What about Vegemite is so appealing to the Australian palate?

As others have said—many of them not even from God’s Own Country (but certainly honorary Aussies, one and all): Vegemite is ace.

I’ll add a couple of observations:

There are certainly cultural predilections in what food you end up eating by default: what a culture happens to have come up with in cuisine determines what food you’re likelier to be exposed to within that culture, and it takes a conscious effort to snap out of that predisposition. Americans like their bread sweet, and they like sweet things on bread. So they aren’t brought up to eat lightly umami/salty spreads on their bread, like Aussies are.

And Aussies are, because Brits were: Vegemite was an answer to Marmite, as many have pointed out. In fact, the original branding of Vegemite was Parwill: “Ma might, but Pa will!”

Not that Aussies are immune to ludicrously sweet toppings on bread: Fairy bread is actually a thing.

So what is it about Marmite that’s appealing culturally to British culture? Dunno, but I suspect the precedent of chutney had something to do with it.

The other thing is that Vegemite is not universal in Australia, treasonous though it be. My parents being immigrants, they wouldn’t go near the stuff, so I was not brought up with it. (I had Taramasalata on bread instead. Also savoury.) In fact it was only in my late twenties that I tried the stuff; some acquaintance had friendly advice about visualising oysters when I ate it (for the saltiness, I guess).

It is now my default breakfast out.

Straya!

What ancient names, if any, would you name a child nowadays?

From harrumphing, get-your-hippy-names-away-from-me answers such as Why do English-speaking people often have strange first names? and Is Khalisi a weird name for a baby?, you will have surmised correctly that I would only go with ancient names that have survived in modern times.

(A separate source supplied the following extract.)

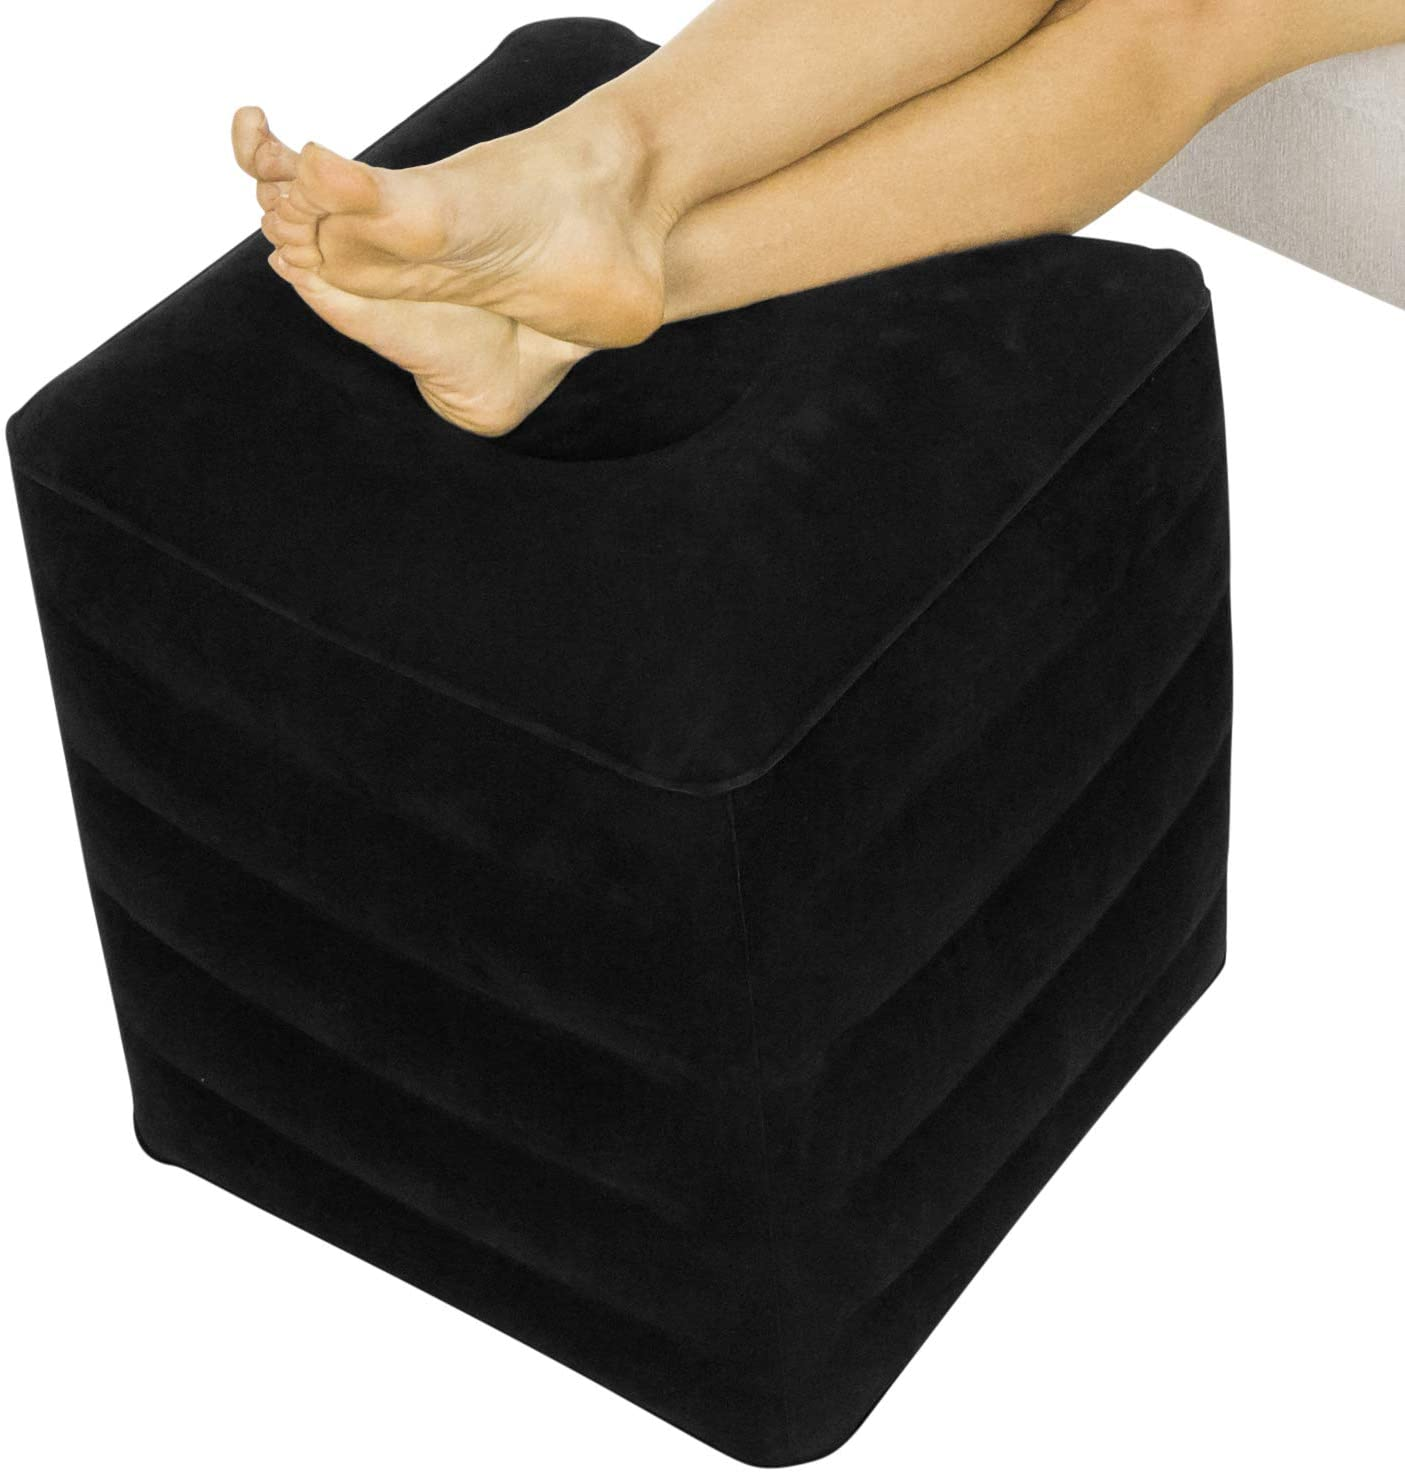 Xtra-Comfort Inflatable Ottoman

Or been revived in modern times. Ιn Greece, the difference matters: Helen had survived as a saint’s name, Achilles or Odysseus were revived.

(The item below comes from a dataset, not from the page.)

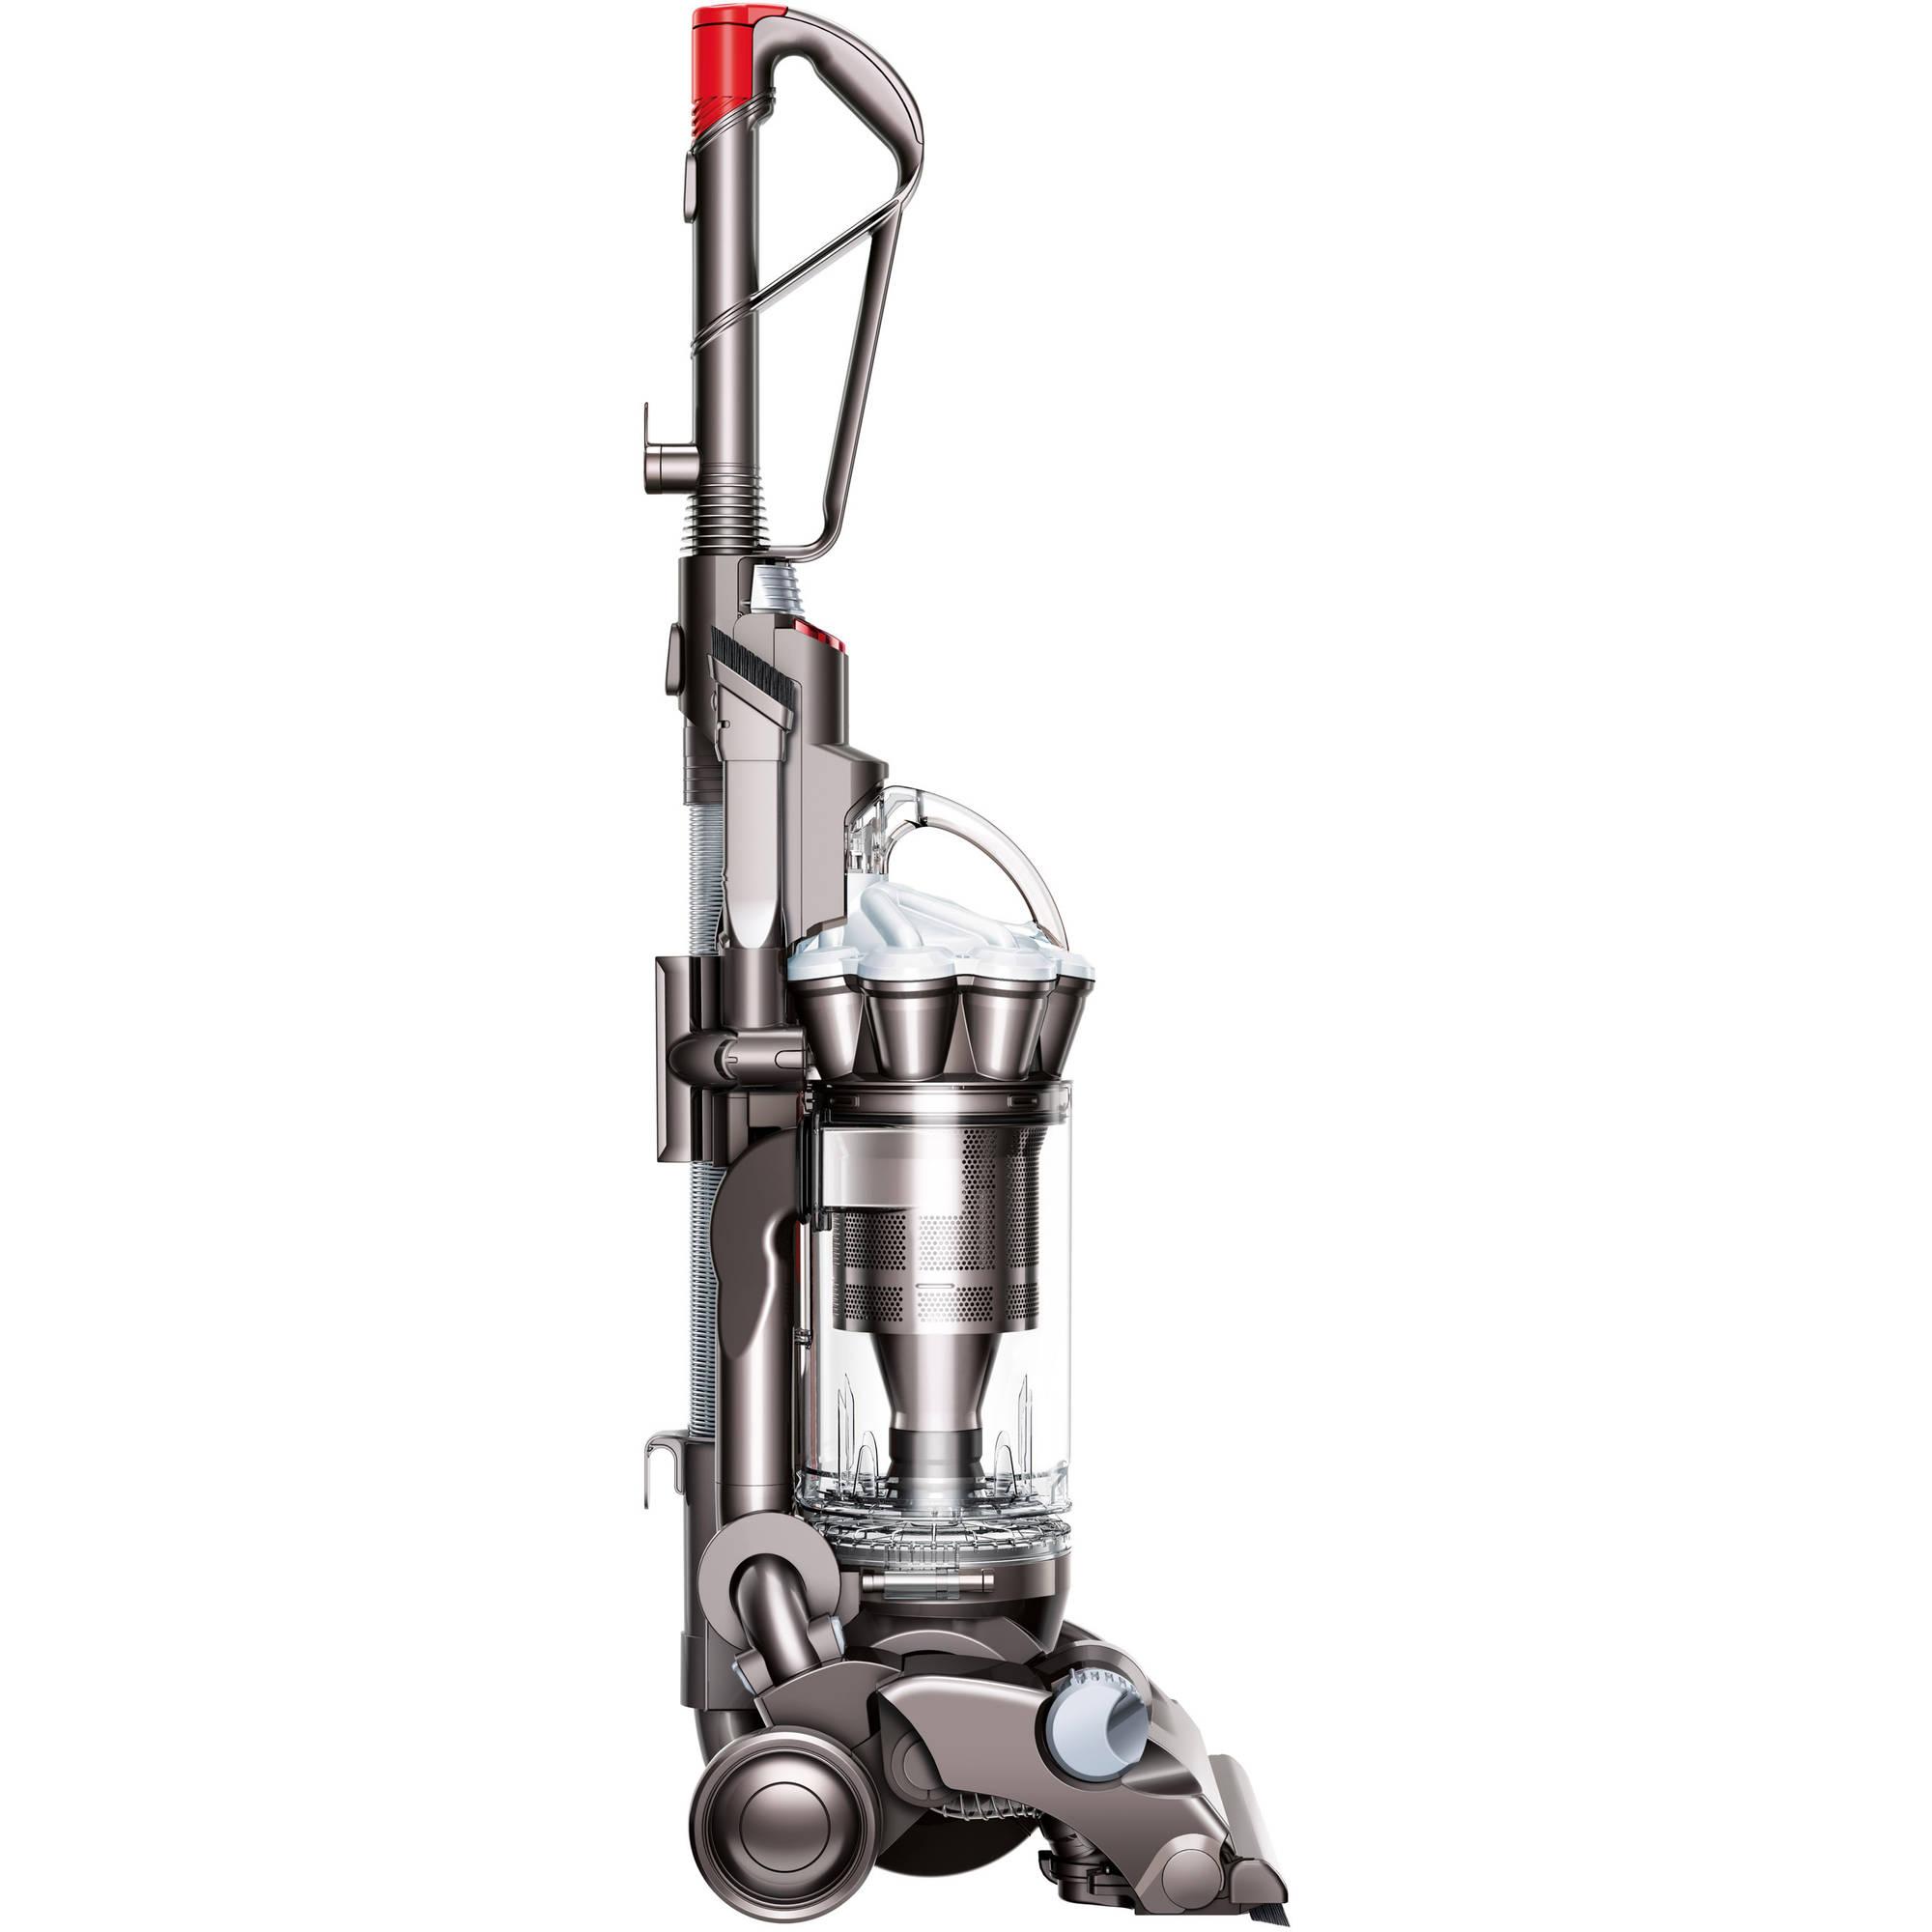 Dyson DC33 Multifloor Bagless Upright Vacuum at Walmart, $199

So I can’t answer the question as requested in details—

I don’t mean lists of ancient names which have ‘survived’ in modern times (Jason, Helen, etc), I mean unusual ones — from any culture!

—because I wouldn’t do that myself.

But cool names from antiquity, which is what the question details are asking for?

I learned Greek Mythology from the humorist Nikos Tsiforos, as I’ve mentioned a dozen times; and when he was going through the pantheon of minor sea deities, he pointed out one name in particular as lovely. And I agreed with him then as now.

Benthesicyme. Βενθεσικύμη. “Wave of the sea depths.”

Actually, pretend you don’t know the etymology. (And I didn’t know about Benthos until a lot later in life.)

Benthesicyme.

Utterly impractical as a name. (I mean, what would you nickname her? Bennie?)

And utterly lovely. Like an invocation.